XYZTraj is for reading xyz trajectories in Python, then preparing
the data for other Python-based trajectory analysis tools. We will call
this 'featurizing' the data, i.e. creating new trajectories by applying
a calculation to all the frames in the trajectory.
You can clone this repository and install the package with
git clone https://github.com/jrossyra/xyztraj
cd xyztraj
python setup.py install
There are
2 objects associated with retrieving data, an XYZReader
that gets the data from a
file, and a XYZTrajectory
object that this reader creates and
returns. Once you have the trajectory object, you can apply feature calculations with
the Featurizer
object to create a new
trajectory in feature space.
Read an xyz trajectory file like this:
from xyztraj import XYZReader
reader = XYZReader()
# An XYZTrajectory
traj = reader.readfile('mytraj.xyz')
# A numpy array of the coordinates
traj.trajectory
Then you can featurize your trajectory with calculations we provide or your own
simple (or complex) script that takes atomic coordinates to calculate something.
There are options for how to provide the featurizing function, here we just give
the name of functions in the xyztraj.features
package.
from xyztraj.features import Featurizer
dihedral_atoms = [0,10,11,3]
keep_position_atoms = [2,4,6]
features = {'dihedral': dihedral_atoms, 'nofeature': keep_position_atoms}
featurizer = Featurizer(traj.trajectory)
featurizer.add_features(features)
featurizer.featurize()
featuretraj = featurizer.trajectory
# (mxd) shape of m frames by d feature dimensions
featuretraj.shape
The featurizing functions in features
, or your functions,
can be given in place of the function name strings shown above.
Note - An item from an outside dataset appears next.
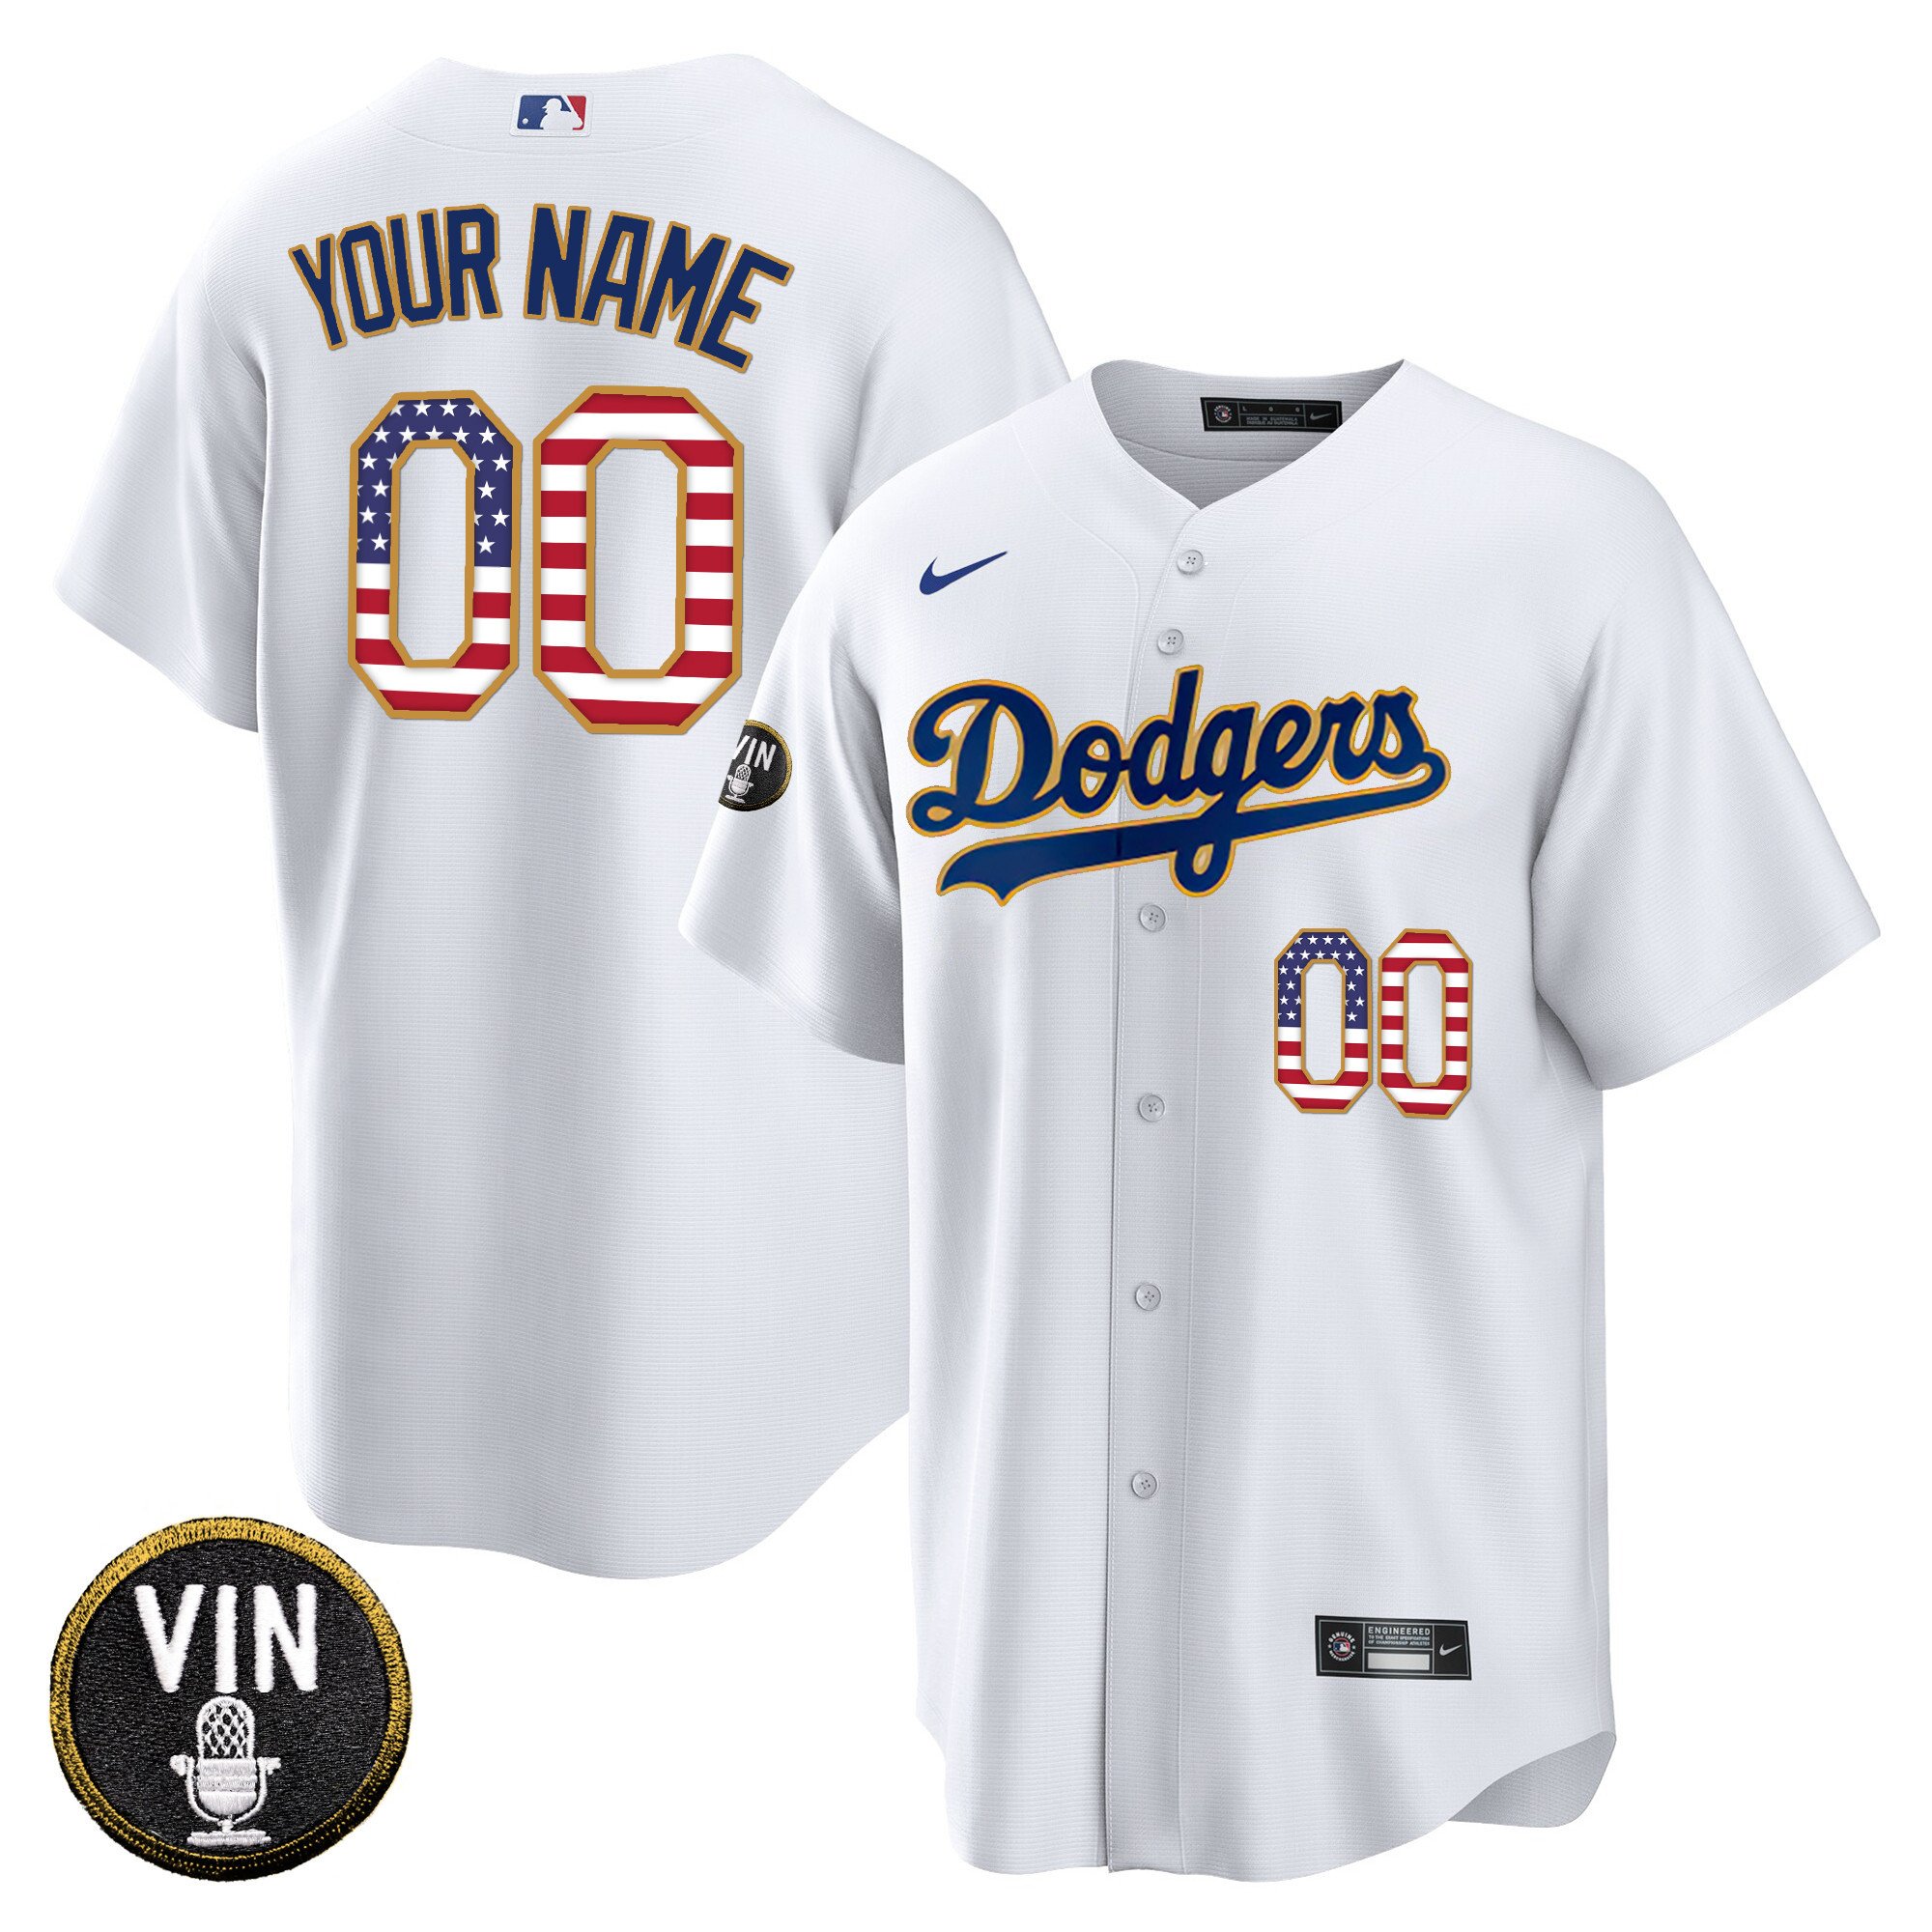 Women's Dodgers Mexico Baseball Limited Jersey - All Stitched - Vgear

Also, we can just keep featurizing the trajectory and append
to the featurespace.
from xyztraj.features import distance
distance_atoms = [0,1]
featurizer.add_features({distance: distance_atoms})
featurizer.featurize()
# larger by the 1 feature dimension we just added
featuretraj.shape
We show the good practice of enforcing some input structure so that you don't accidentally get a misunderstood result from erroneous input that happens to calculte without error. The coordinates are flattened, so make sure to take the number of atoms indices given and multiply by 3.
def calc_weirdfeature(atomcoordinates):
# unknown frames is shape[0], 3xNatoms is shape[1]
assert atomcoordinates.shape[1] == 12
return np.mean(atomcoordinates)
weirdfeature_atoms = [13,11,15]
weirdfeature = {calc_weirdfeature: weirdfeature_atoms}
featurizer.add_features(weirdfeature)
featurizer.featurize()
featuretraj.shape